Why Greedy Algorithms?

This problem maps to Greedy Algorithms through a short path in the full flowchart.

Alternating between the highest and lowest remaining blocks with two pointers maximizes squared height differences per jump.

Open in Flowchart

Intuition

The key observation is that the total calories burned is the sum of squared differences between consecutive blocks in our jumping sequence (treating the ground as a starting point with height 0). To maximize this sum, we want each jump to span as large a height difference as possible.

Squared differences grow fastest when the two values are far apart. So intuitively, we should make every jump go from a very high block to a very low block, then back to a high block, and so on. This zigzag pattern between extremes maximizes the gap at each step.

To set this up, we first sort the array. Once sorted, the smallest values sit at the left end and the largest values at the right end. We can then pair up the extremes: take the largest, then the smallest, then the next largest, then the next smallest, repeatedly bouncing between the two ends. This produces the largest possible height differences for each jump.

Concretely, starting from the ground (pre = 0), we first jump to the highest remaining block, which contributes a big (heights[r] - pre)². Then we jump down to the lowest remaining block, contributing (heights[l] - heights[r])². After this, the lowest block becomes the new pre, and we continue the same process inward using two pointers l and r moving toward the center.

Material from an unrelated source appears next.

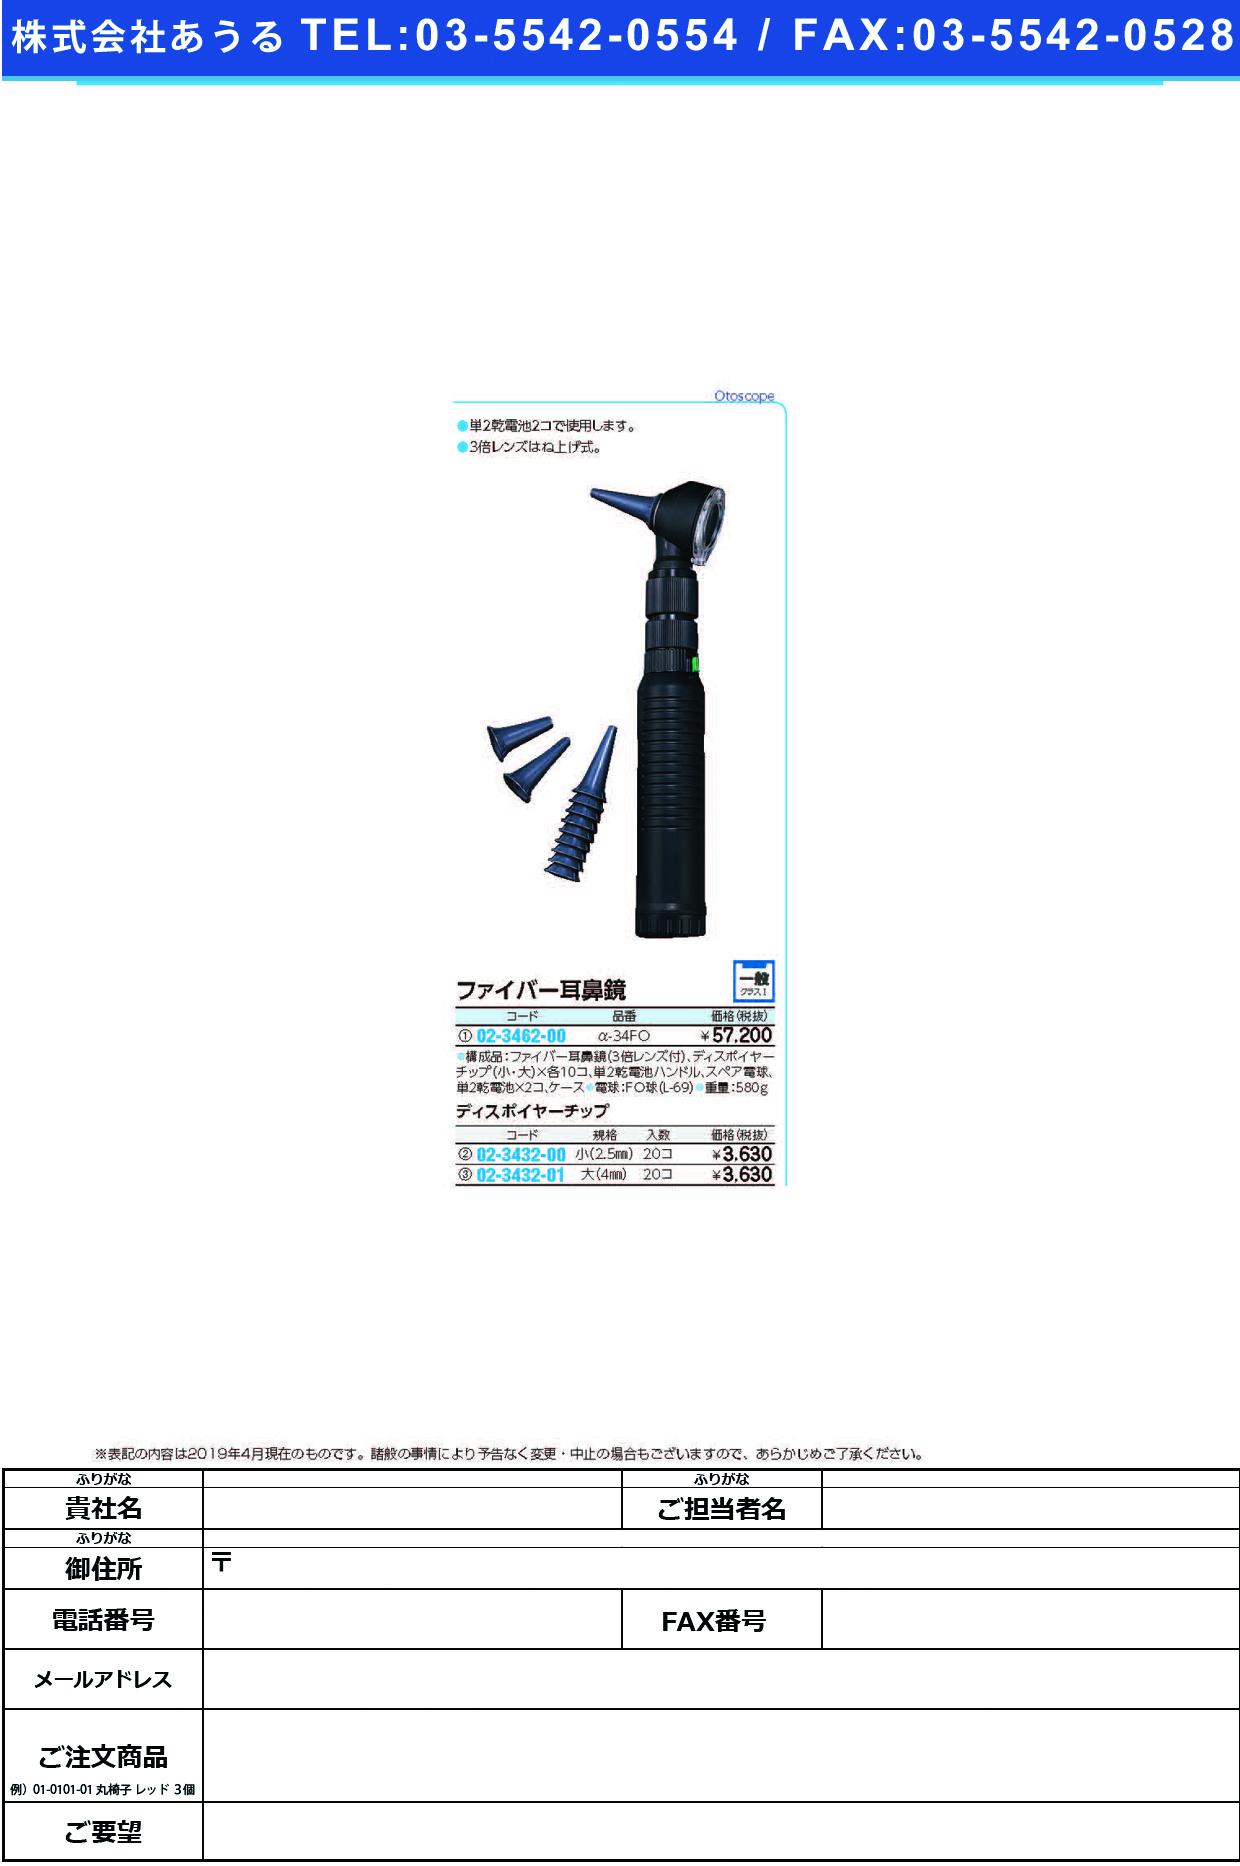 (02-3462-00)ファイバー耳鼻鏡 A-34FO ファイバージビキョウ【1組単位】【2019年カタログ商品】

This greedy "high-low-high-low" alternation guarantees that we never waste a jump on two blocks of similar height, which would yield a small squared difference. By always pairing the current extremes, we squeeze out the maximum possible contribution from every single jump.

When l and r finally meet (or the loop ends with one block left in the middle for an odd-sized array), we add the final jump from pre to that middle block to complete the sequence.

Pattern Learn more about Greedy, Two Pointers and Sorting patterns.

Solution Approach

Solution 1: Greedy + Sorting

According to the problem statement, the order of jumps affects the total calories burned. To maximize calorie consumption, we use a greedy strategy by prioritizing jumps with the largest height differences. The natural way to create these large gaps is to alternate between the highest and lowest remaining blocks, which we can do efficiently after sorting.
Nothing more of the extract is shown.